For CRISPR-Cas9 editing of the chloroplast-encoded atpF gene in Nasturtium officinale, researchers should implement the following specialized approach:

• Chloroplast-specific CRISPR System Design:

  • Develop chloroplast-specific promoters (e.g., PpsbA) to drive Cas9 expression

  • Design sgRNAs targeting conserved regions of atpF while avoiding off-targets

  • Include chloroplast-specific markers for selection

• Delivery Methods:

  • Biolistic transformation using gold particles coated with CRISPR components

  • Alternative: chloroplast-targeted peptides fused to Cas9 for protein-based delivery

• Target Site Selection:

  • Focus on non-intronic regions for higher editing efficiency

  • Avoid regions critical for core function if studying subtle modifications

  • Consider accessibility of the target region within the nucleoid structure

• Screening Protocol:

  • PCR amplification of target region followed by restriction digestion

  • Sanger sequencing to confirm precise edits

  • Next-generation sequencing for detecting low-frequency editing events

  • Observation of phenotypic changes associated with ATP synthesis

• Homoplasmy Achievement:

  • Multiple rounds of selection on spectinomycin-containing media

  • Single-cell propagation to enrich for edited plastome copies

  • PCR verification of homoplasmic state

This approach represents the cutting edge of chloroplast genome editing and can be applied for both functional studies and potential improvement of energy metabolism in Nasturtium officinale .
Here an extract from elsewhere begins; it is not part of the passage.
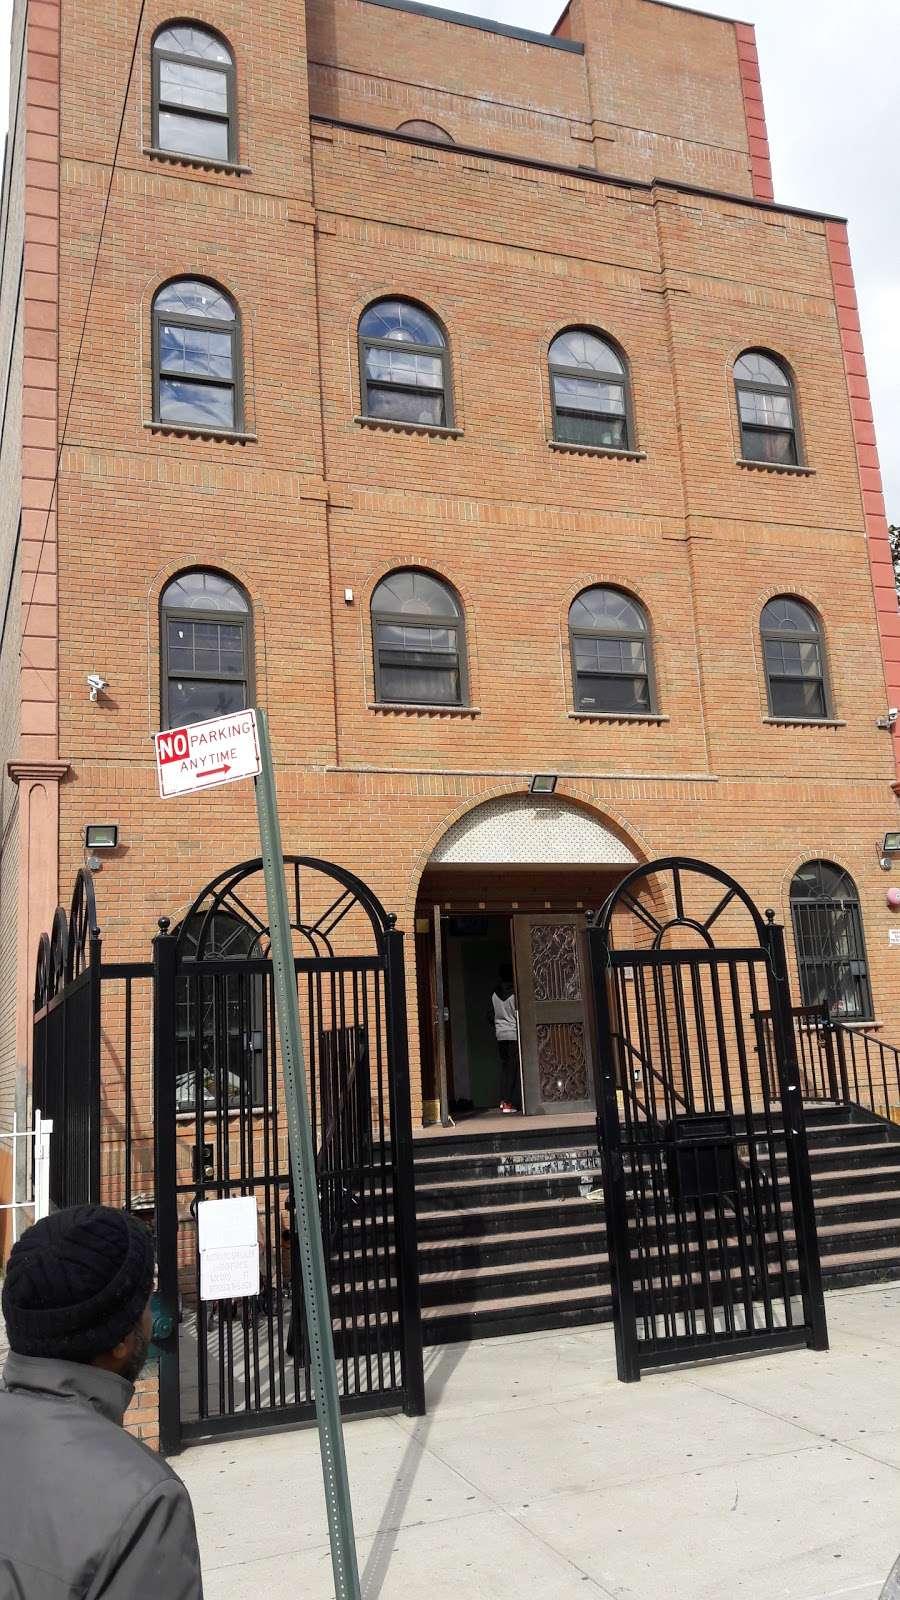 Baitul Mamur Masjid & Community Center - mosque  | Photo 8 of 10 | Address: 1033 Glenmore Ave, Brooklyn, NY 11208, USA | Phone: (718) 437-5702

How does environmental stress affect atpF expression and function in Nasturtium officinale?

Research on environmental stress responses in Nasturtium officinale has revealed significant impacts on atpF expression and function:

• Phosphorus Limitation Response:

  • Under phosphorus deficiency (P-), plants maintain shoot yield through enhanced root biomass development

  • Transcriptomic analysis reveals differential expression of genes involved in ATP metabolism

  • The atpF gene shows altered expression patterns as part of the plant's phosphorus use efficiency (PUE) mechanisms

  • Two distinct breeding lines (line 60 and line 102) demonstrate different strategies for maintaining ATP synthesis under P limitation

• Temperature Stress Effects:

  • Cold stress (below 15°C) induces changes in ATP synthase activity

  • Heat stress (above 30°C) affects assembly of the ATP synthase complex

  • Post-translational modifications of atpF increase under temperature extremes

• Oxidative Stress Implications:

  • High light conditions trigger protective mechanisms involving ATP synthase

  • Antioxidant capacity increases under stress conditions that affect ATP synthesis

  • Glucosinolate concentration remains stable despite altered energy metabolism

• Methodological Approaches for Stress Studies:

  • RNA-seq analysis to quantify transcriptional changes

  • Proteomic analysis to detect post-translational modifications

  • Biochemical assays to measure ATP synthase activity under varying conditions

  • Comparative analysis of different watercress genotypes to identify stress-tolerant variants

This research provides valuable insights into the adaptive mechanisms of energy metabolism in watercress under environmental stress conditions .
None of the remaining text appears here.